BEGIN Data listing

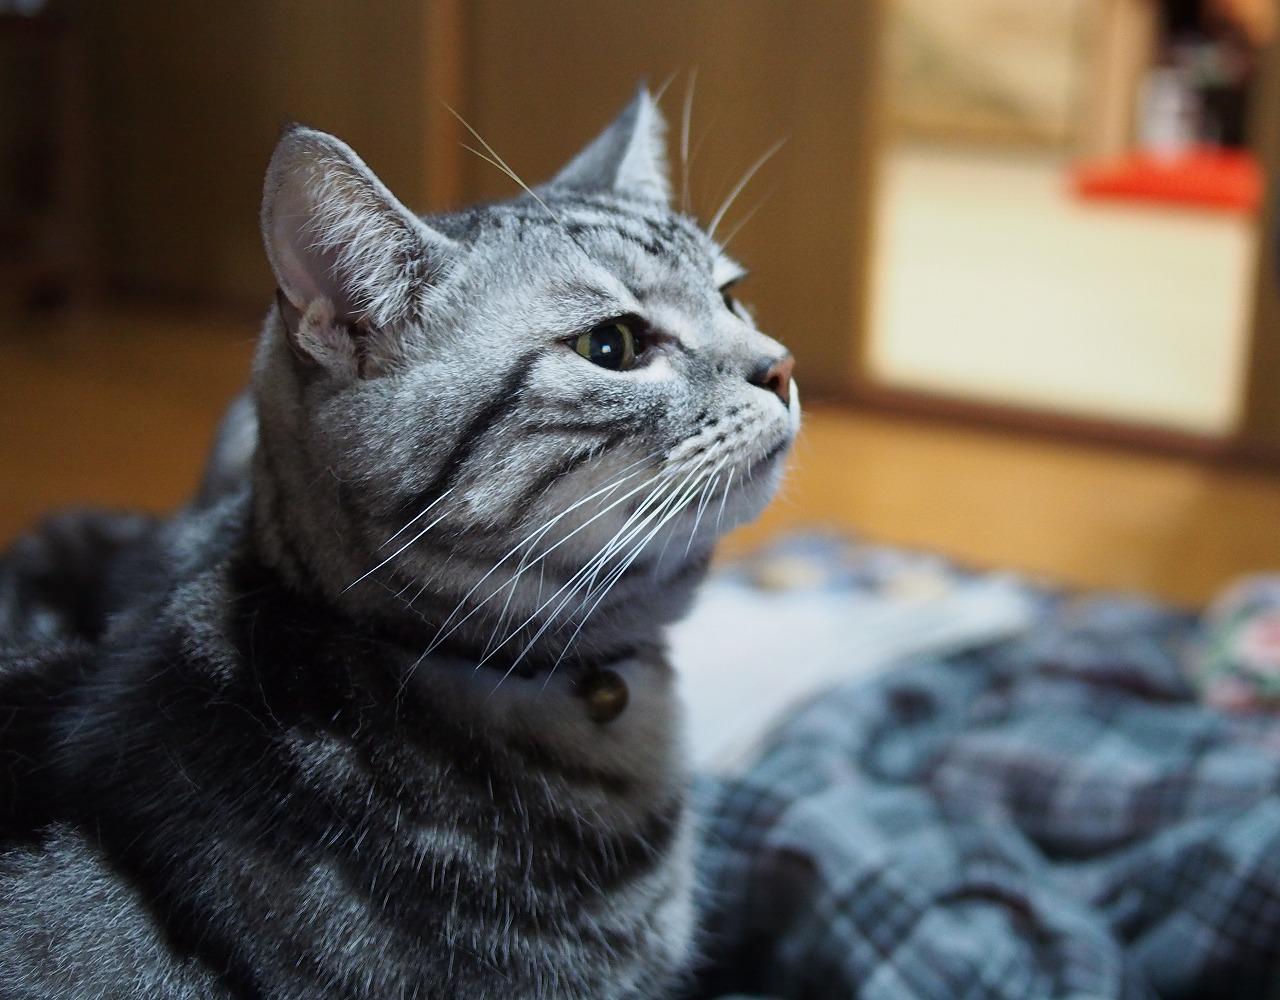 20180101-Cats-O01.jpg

END Data listing
BEGIN Data listing

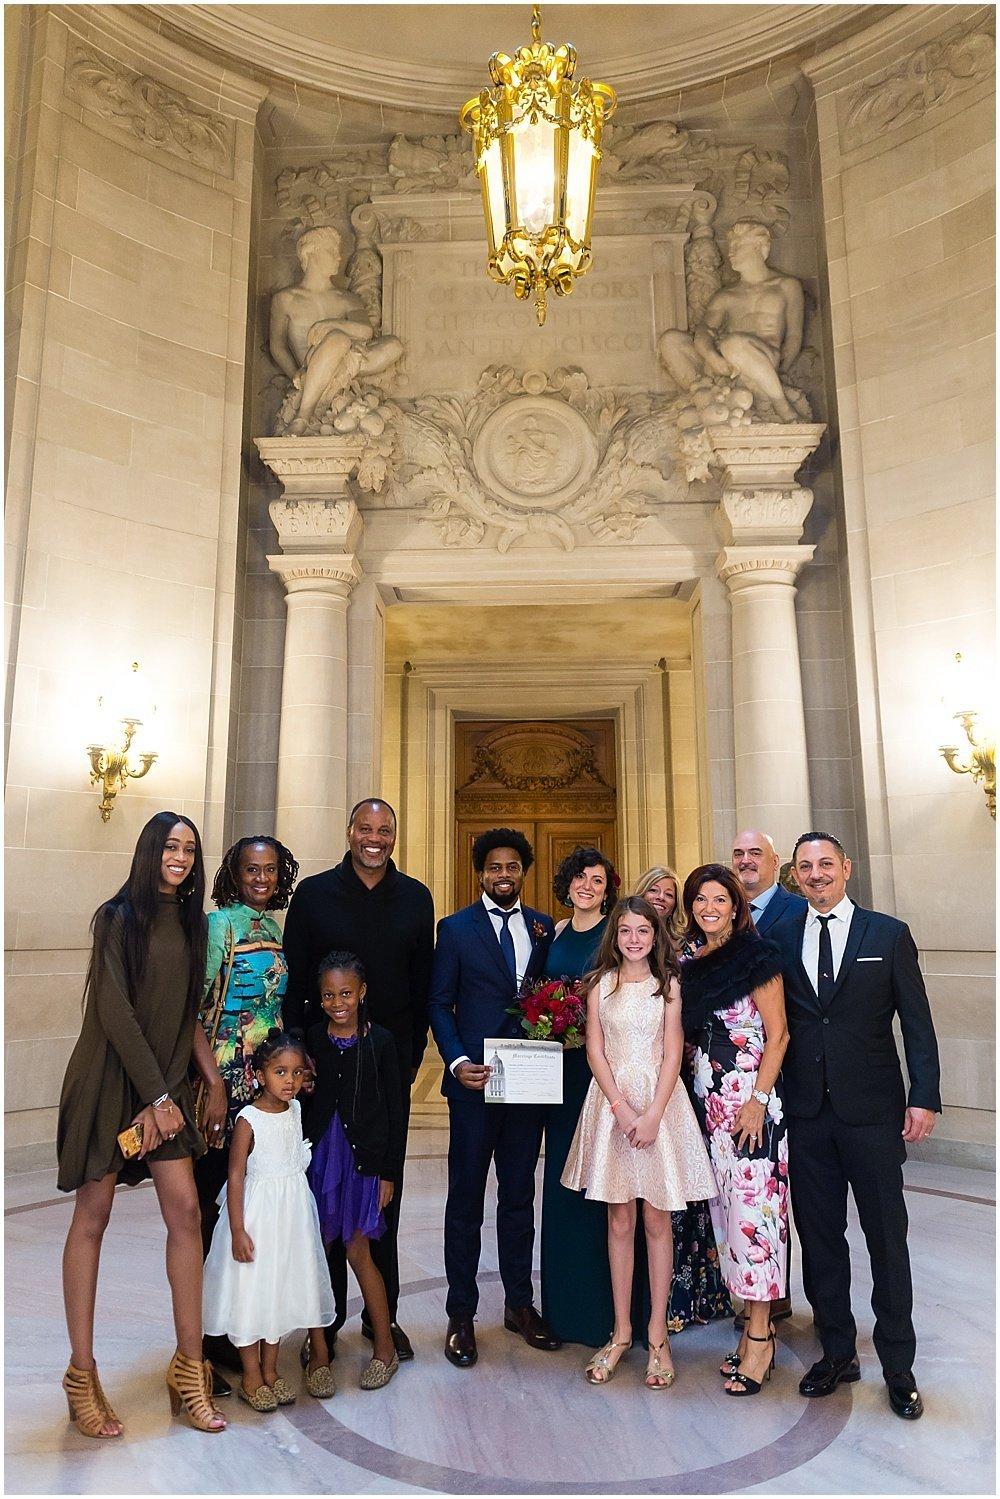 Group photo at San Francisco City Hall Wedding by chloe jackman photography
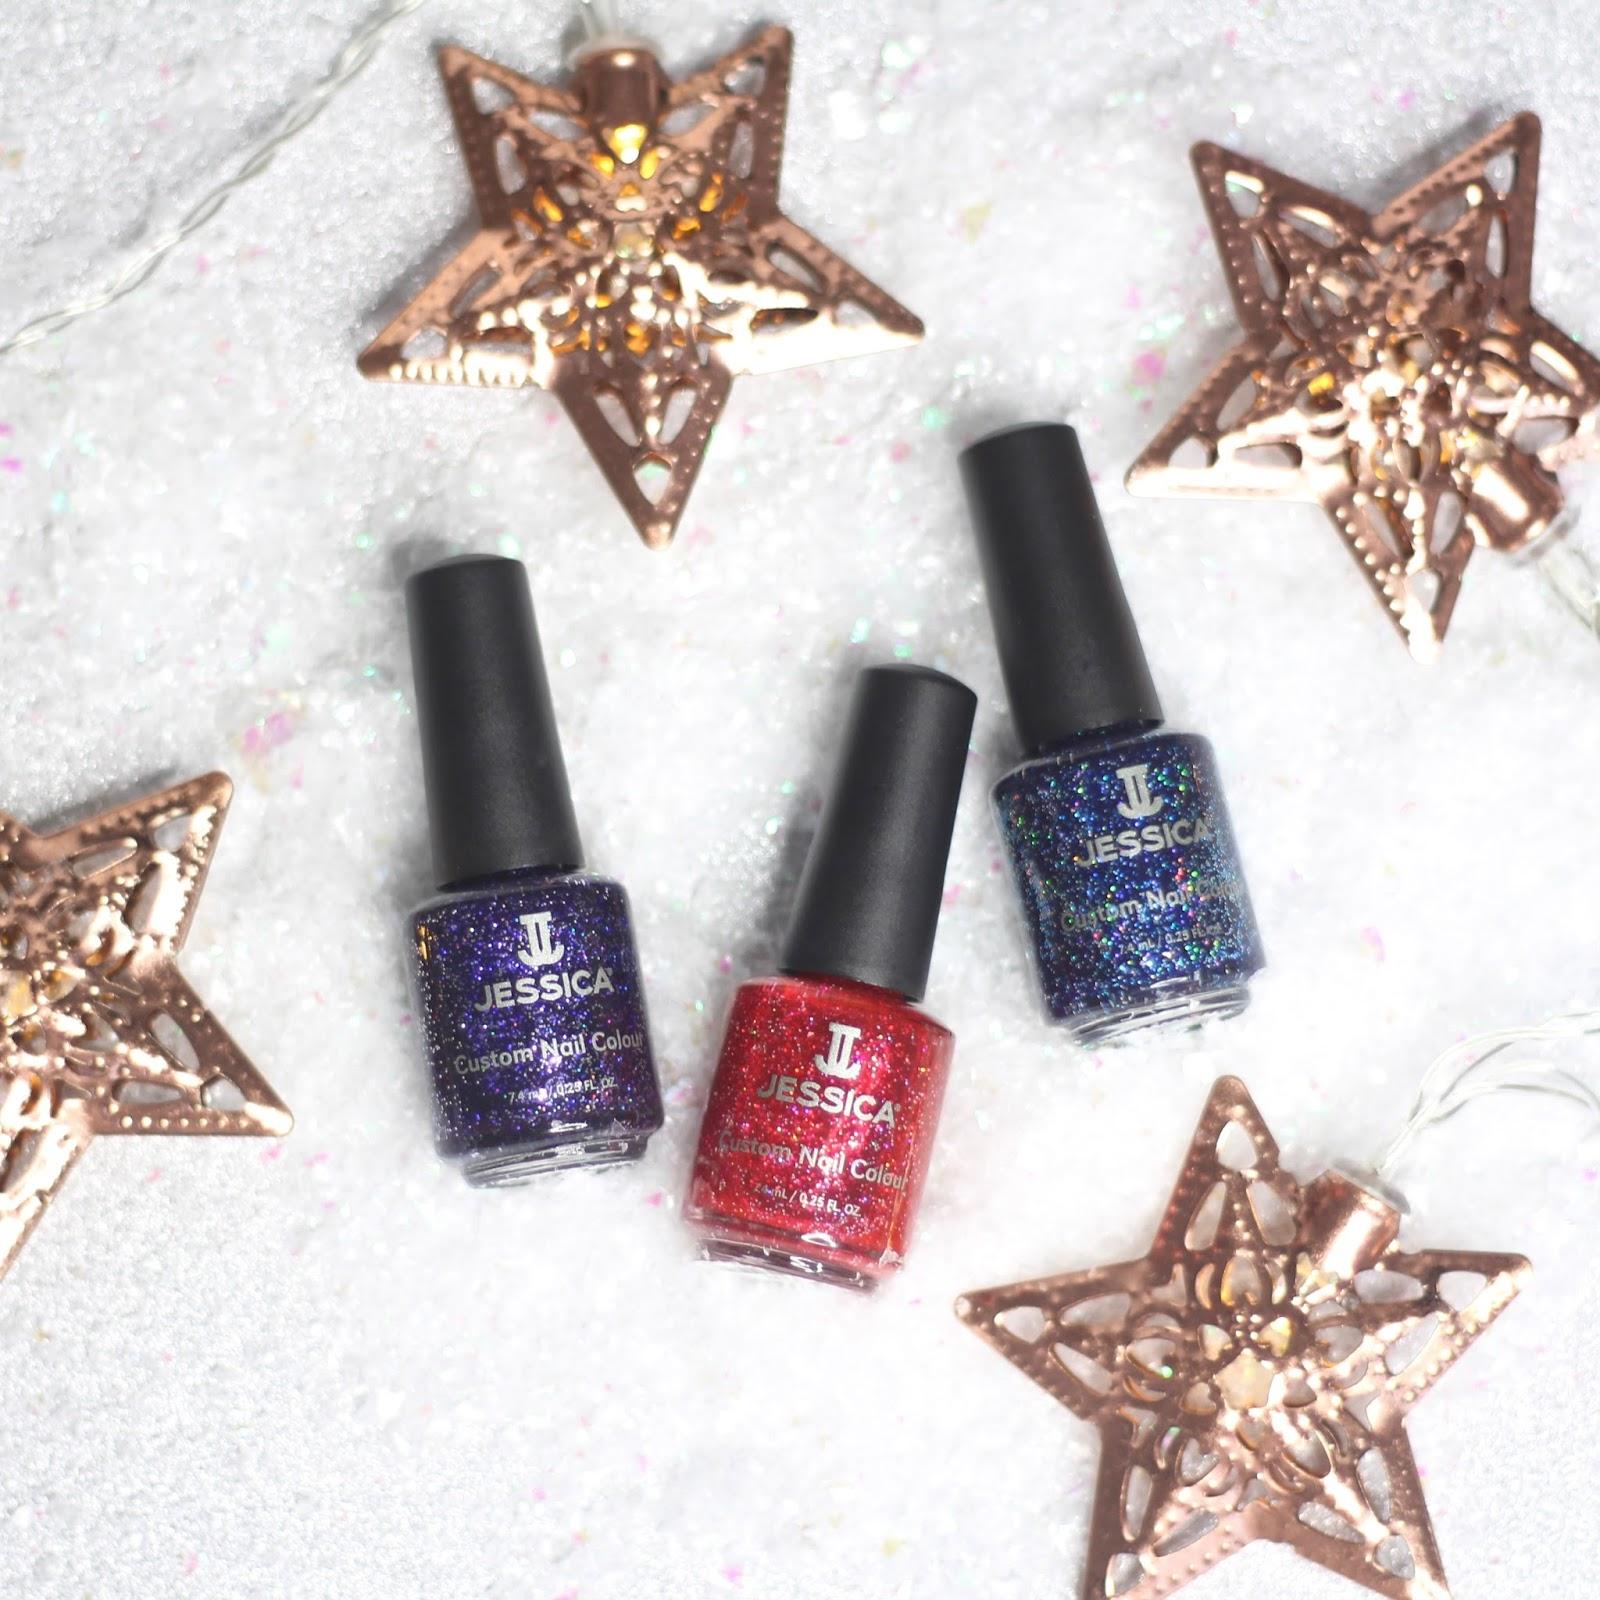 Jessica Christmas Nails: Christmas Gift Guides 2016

END Data listing

For the data above, set down exactly the lines from the line with "Group photo at" to the line with "Jessica Christmas Nails: Christmas", both included, leaving pictures out.

 Group photo at San Francisco City Hall Wedding by chloe jackman photography
 Jessica Christmas Nails: Christmas Gift Guides 2016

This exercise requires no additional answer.